We are having a little dispute here in the overly large school district, between a growing chorus of principals, teachers and tech trainers who want to use Chromebooks in their classrooms, and the IT department who says no way.
I understand the reasoning of the school-based people. The devices are cheap, reliable, and perform most of the functions a student would need during the day. They are a step backward from the all-purpose laptop we’ve become used to, but it would enable classrooms to have far more access to network applications for the same money.
However, I also understand IT’s position: regulations. District rules state in no uncertain terms that though shalt not purchase anything that doesn’t run Windows. Just ignore those thousands of iPads we approved in a moment of weakness. :-)
Of course, there’s much more behind their opposition than just following the rules (which they wrote in the first place). Devices like Chromebooks represent the loss of both control and jobs.

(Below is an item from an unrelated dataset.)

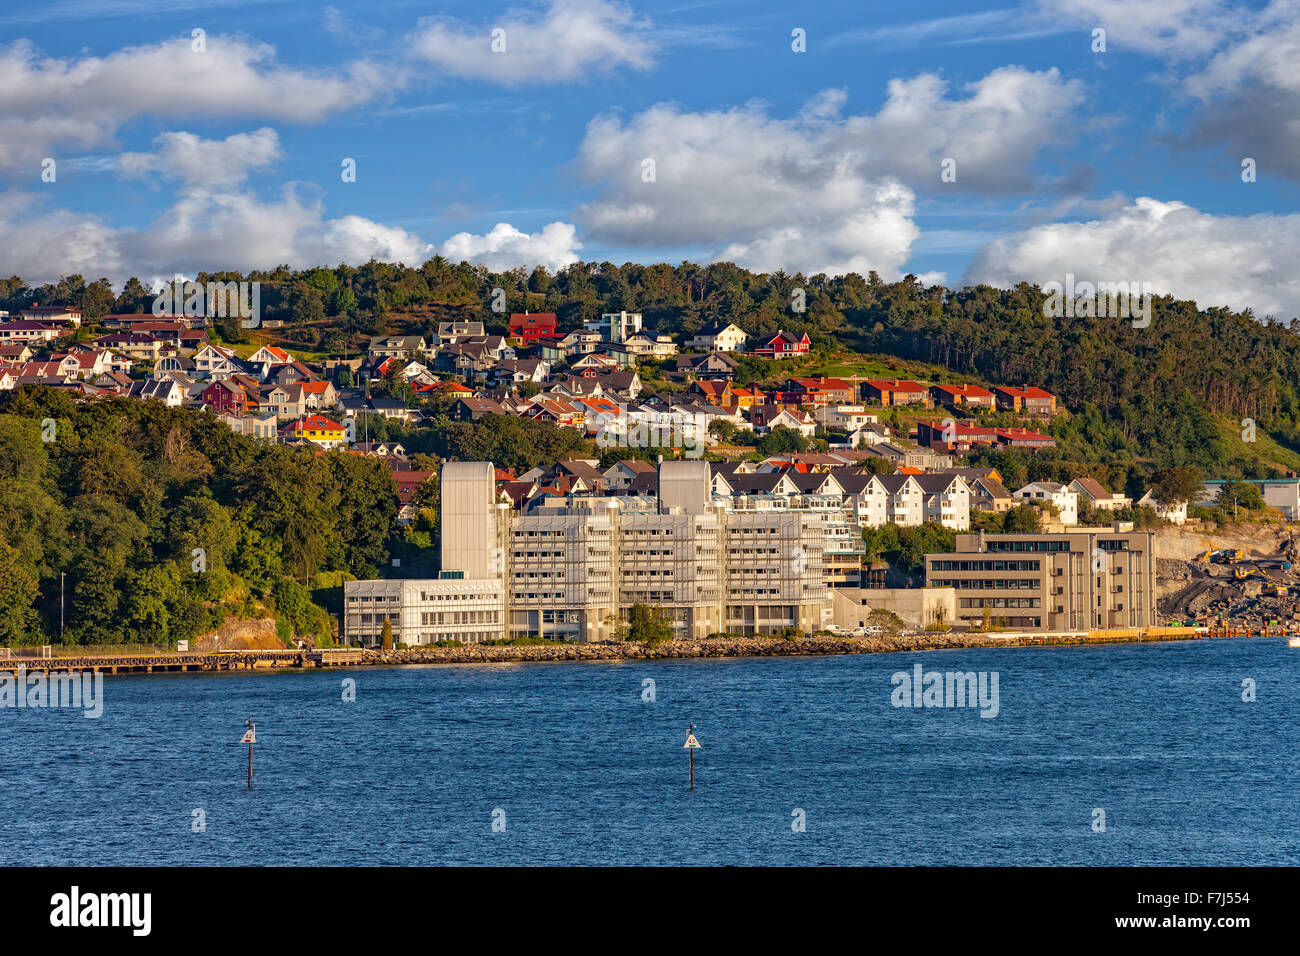 Cityscape architecture typique de Stavanger, Norvège. Banque D'Images

Our IT people love to customize and configure everything, and they employ more people to do it than the department for instruction.

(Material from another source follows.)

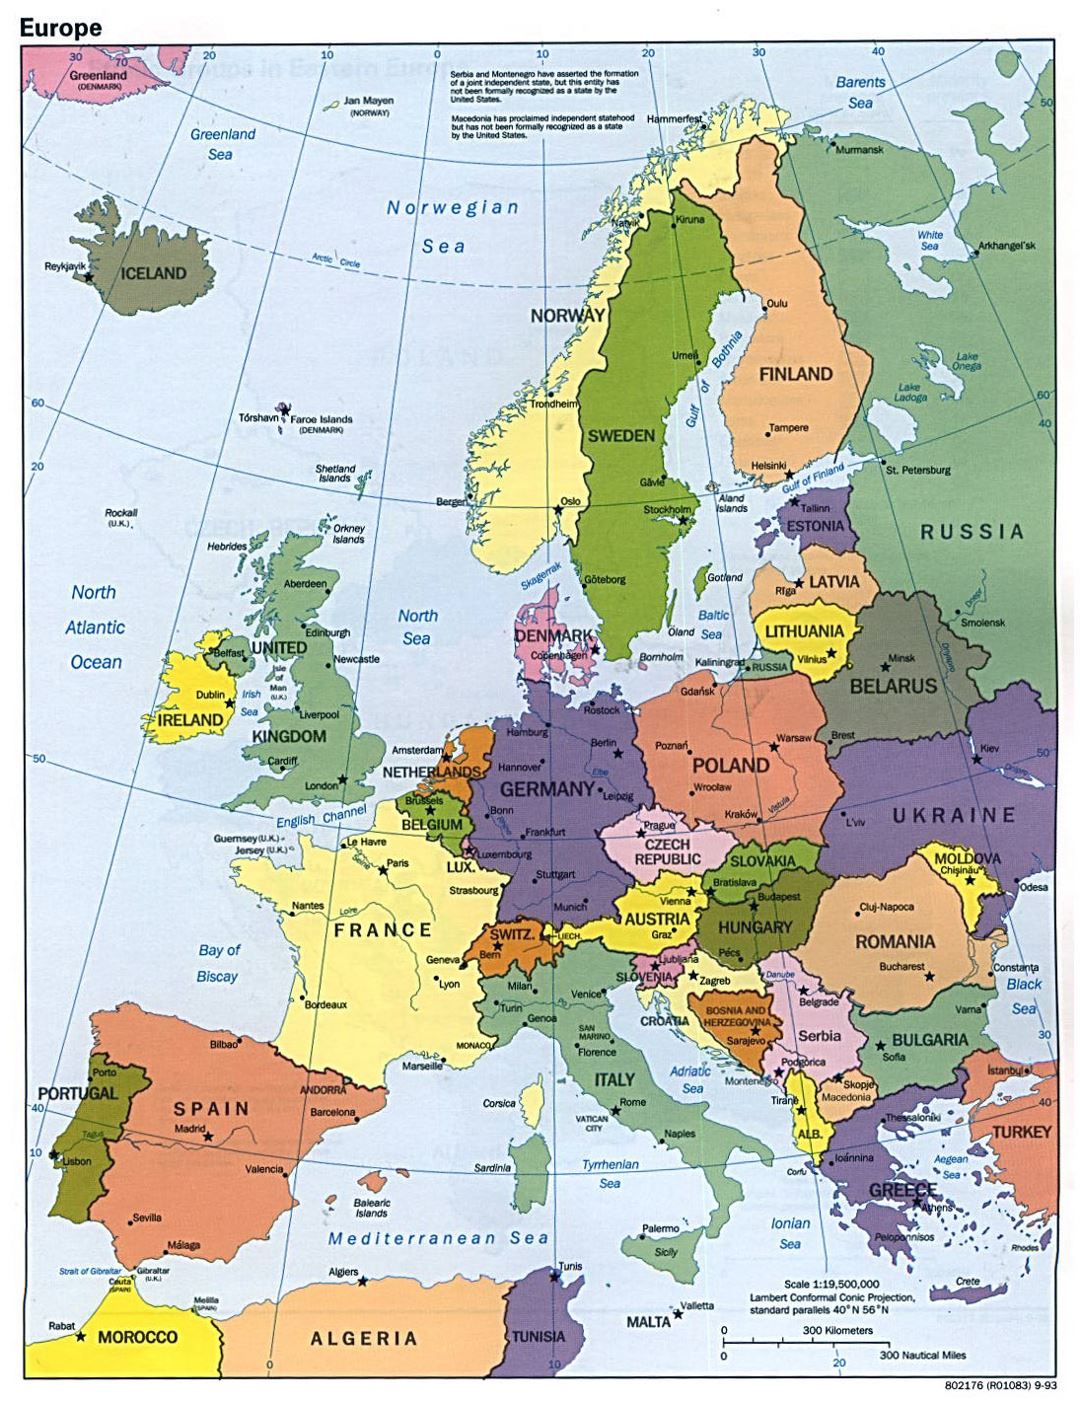 Mapa político detallado de Europa - 1993

In the approaching age of easy-to-use, disposable computing devices (the $100 laptop we’ve been promised for so long), organizations like ours will need far fewer people to manage and repair them.
Certainly “real” computers will not disappear from schools anytime soon,1 but in the next few years, their numbers will likely see a steep decline. Accompanied by a corresponding reduction in the numbers of computer repair and “desktop management” people.